Al tratar de evaluar el reflejo que Hollywood nos devuelve de la contemporaneidad, la distancia que empezamos a tomar respecto a este periodo —tan bien acotado por los dos revientataquillas de James Cameron mencionados— nos muestra un vagón de cola desenganchado del tren de la Historia. Las tomas nerviosas y volátiles de Paul Greengrass o J.J. Abrams, que algunos asociarían a la identidad visual de los 2000 (o «años nada», que diría Jordi Costa), son subsidiarias de una realidad que ha provisto de símbolos más rotundos el imaginario de la década: nada como Guantánamo representa su carácter reactivo y a la vez falto de concreción, el anhelo de un orden que únicamente puede materializarse aislado del caos exterior y, de paso, de nuestra humanidad.
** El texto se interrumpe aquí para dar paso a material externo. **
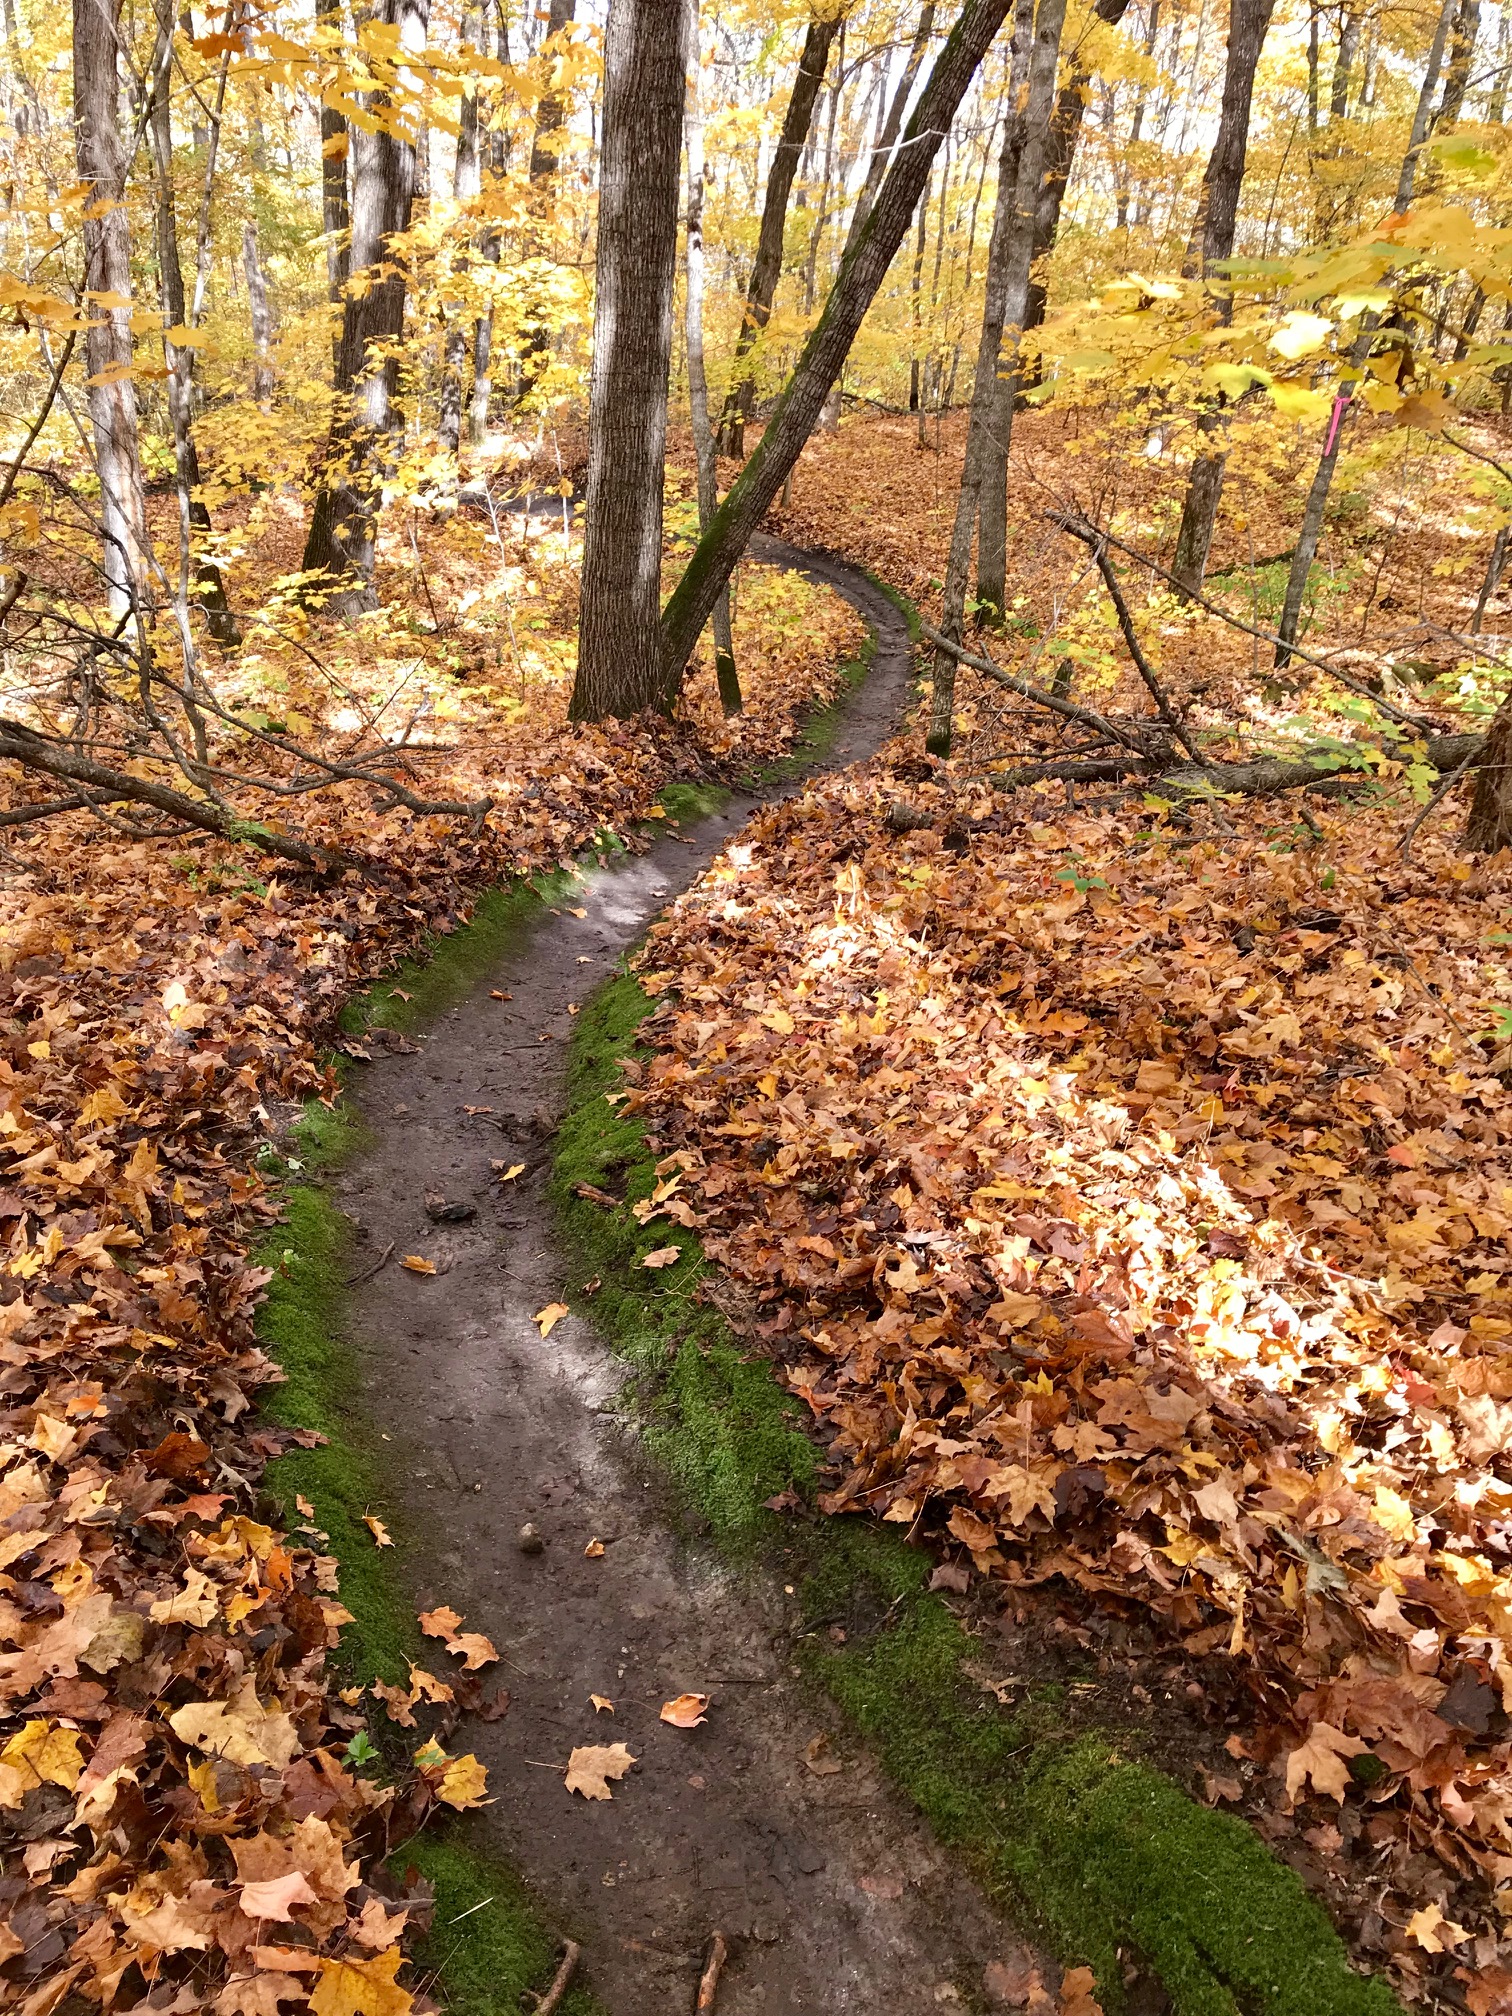 Section of Twin Lakes singletrack after leaf blowing, October 6th, 2017.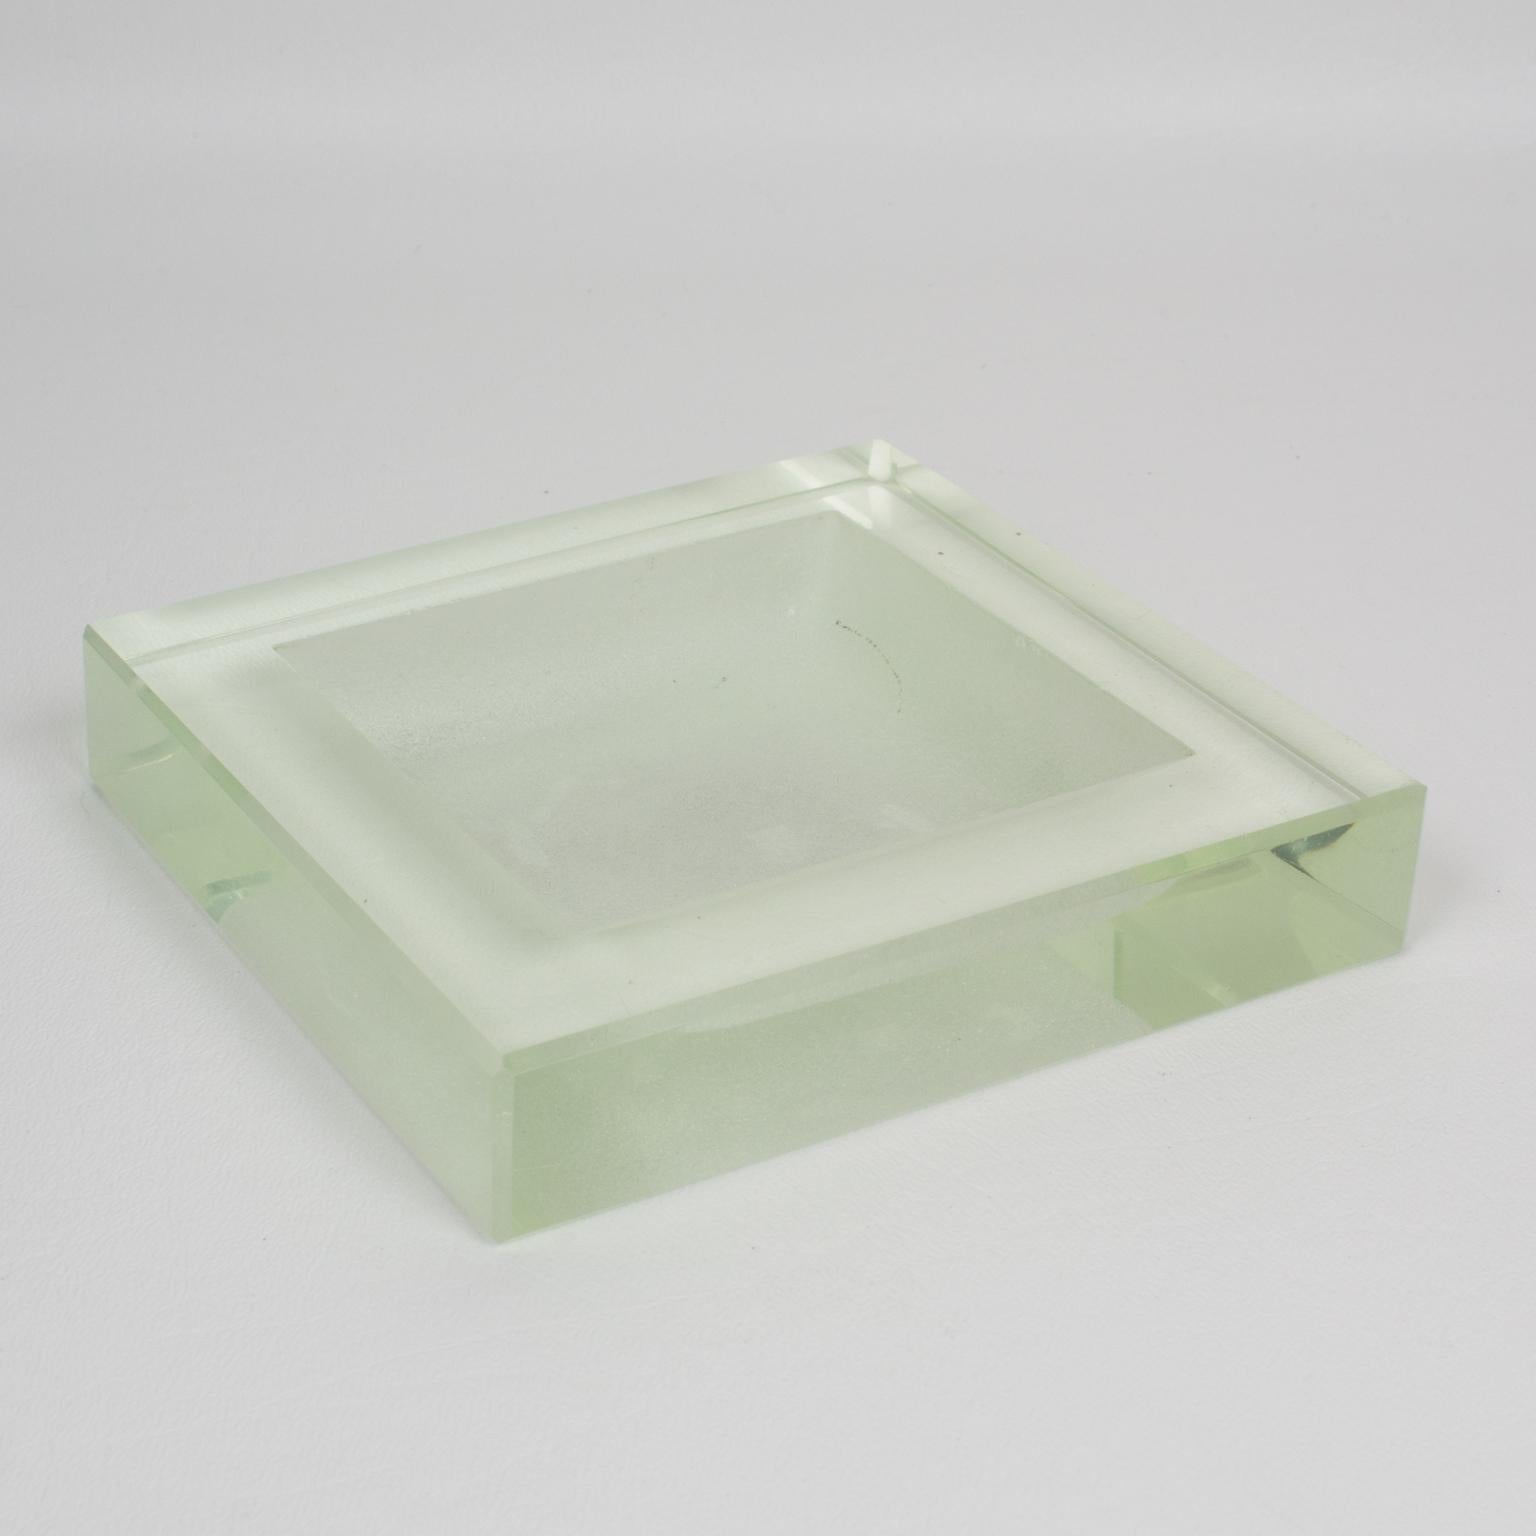 Elegant Art Deco thick clear glass slab ashtray or desk tidy by French designer Jean Luce (1895-1964). Square shape with an etched center in a frosted textured pattern. A perfect accessory for the desk as a catchall or a cigar ashtray as well as a

Entretanto, los horizontes asiáticos descubiertos en la eclosión de Internet y el mercado del DVD capturaban la atención de muchos cinéfilos, permeables a los lenguajes —entonces percibidos como rupturistas— con que la globalización tejía su propio discurso. Lo que Apichatpong Weerasethakul, Wong Kar-wai o los partícipes de la Nueva Ola taiwanesa aportaban era un distanciamiento creativo respecto a un mainstream impotente para dar forma al devenir colectivo; filmes-bisagra entre épocas de la talla de Deseando amar (In the Mood for Love, 2000) del citado Wong, Millennium Mambo (Hou Hsiao-hsien, 2001) o Kairo (Kiyoshi Kurosawa, 2000) obedecían a una mirada certera acerca del presente en que fueron concebidas.


Ahora bien, ahorrándonos ditirambos innecesarios a estas alturas, la alta valoración crítica que merezcan sus autores no es óbice para cuestionar su contribución al articulado cultural de nuestro tiempo. Antes que contradecir la deriva hollywoodense, el triunfo de las nuevas olas asiáticas radicó en construir sólidos discursos de autor sobre las mismas tendencias globales, empleando para ello recursos de gran fuerza expresiva. (3) En otras palabras, el positivismo antropológico, los sueños colectivos y la rotundidad de las formas del cine popular de los 90 continuaban sin heredero en Asia y Occidente, y así seguirían si de Kongsakul o sus mecenas europeos dependiera. Pero siempre hay excepciones que confirman la regla.


Hypnotized

Mirando al paralelo 38


A diferencia del cine japonés de los últimos años, entre la cultura pop y las estructuras tradicionales de las que la primera brota como hierba entre adoquines; del chino, entre las superproducciones propagandísticas y la denuncia documental a su sombra; o del taiwanés, entre la percepción de su historia y su espectro desvaído a través las continuas transformaciones socioeconómicas; el surcoreano presenta un cine comercial fuertemente cohesionado, en su variedad temática y de géneros, por lo que podríamos llamar un principio de realidad. En palabras de Roberto Cueto, el espectador encuentra «[...] una amplia gama de manifestaciones del dolor—tanto físico como moral—, de una herida nacional cuya sangre y contusiones se filtran a través de la impermeabilidad genérica.» (4)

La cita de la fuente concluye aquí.